Though B Corporation and benefit company status are not the same thing, they can be viewed as complimentary, with B Corporation certification indicating a company’s social and/or environmental commitment has been assessed and verified by B Lab, whereas benefit companies have no third-party oversight requirement. In BC, for example, benefit companies will be required to complete an annual “benefit report” providing an assessment of their performance against a third-party standard. But the report, which must be published on the company’s website, need not be audited by a third party, and will not be reviewed by the government. Notably, in Delaware, which serves as the state of incorporation for over 66% of Fortune 500 companies, benefit companies do not even have to publish their annual report or use a third party standard for assessment.  

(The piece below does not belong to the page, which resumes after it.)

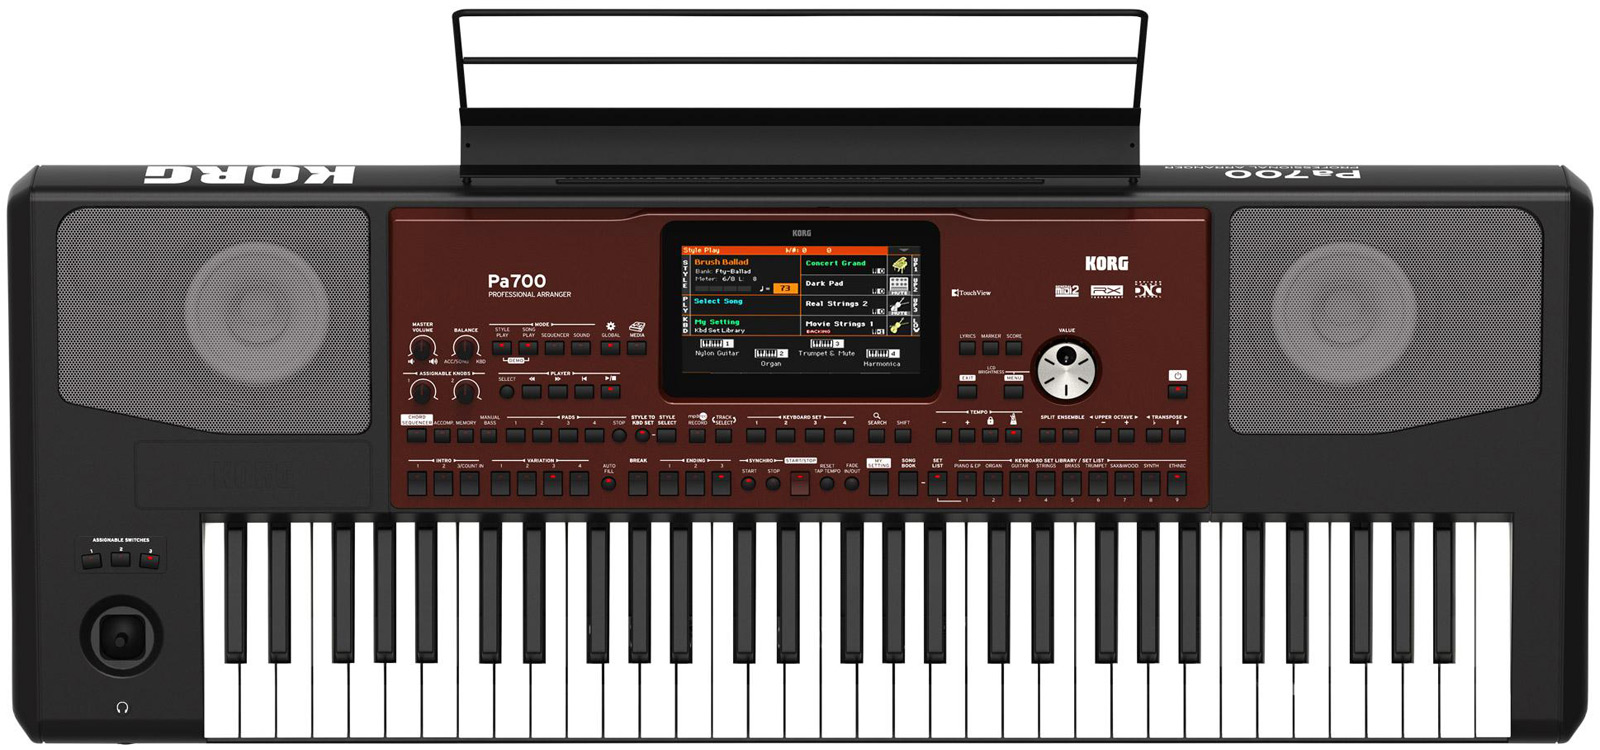 KORG Pa700 Musik MIDI Keyboard - Professional Arranger (Music Entertainer Workstation)

From a legal standpoint, benefit company status is important because it may provide corporations with social and/or environmental goals protection from shareholder lawsuits for breach of fiduciary duty. Such lawsuits could theoretically allege that a corporation’s allocation of resources to accomplishing social and/or environmental goals, rather than simply maximizing profits, constitutes a breach of the directors’ fiduciary duty to shareholders. The traditional response to such an allegation would be that the directors were acting in the best long-term interests of shareholders by, for example, strengthening the company’s brand, and as such, the directors are shielded by the business judgment rule. If, however, a company incorporates as a benefit company, the directors may have an additional defense: the corporation’s social and/or environmental commitment was made clear from the get-go or approved by shareholders. If investors had a problem with that, they should have simply gone elsewhere with their money. 

This is more of a concern in the US, where, particularly in Delaware, corporate law recognizes the principle of shareholder primacy, meaning corporations’ chief objective is to produce shareholder profits. By contrast, the Supreme Court of Canada, interpreting the federal Canada Business Corporations Act (CBCA) in cases such as Peoples Department Stores Inc. (Trustee of) v. Wise (2004) and BCE Inc. v. 1976 Debentureholders (2008), has determined that a Canadian corporation’s duty is to act in the best interest of the company itself. Accordingly, directors can consider the interests of stakeholders, such as debtholders and employees, among others (including shareholders), when deciding matters on behalf of the corporation. 

The CBCA was amended in 2019 to reflect the Supreme Court of Canada rulings, with new language specifying that directors may consider, among other parties, the environment when acting with a view to serving the corporation’s interests. It may be worth noting, however, that provinces such as Ontario have not mirrored this amendment in their own provincial corporate legislation, and the Supreme Court of Canada’s rulings pertained to federal rather than provincial corporate law.  

If you have questions about benefit companies, B Corporations, or would like assistance with incorporating a company, please feel free to contact the firm.

*In Ontario, a public benefit company is a charitable corporation or a non-charitable corporation that receives more than $10,000 per financial year in either (a) donations or gifts from people who are not members, directors, officers or employees of the corporation; or (b) grants or similar financial assistance from federal, provincial or municipal governments or a government agency. As such, Ontario has a different definition of public benefit company than a jurisdictions like Delaware, which defines public benefit companies to be the same as what other jurisdictions call benefit companies.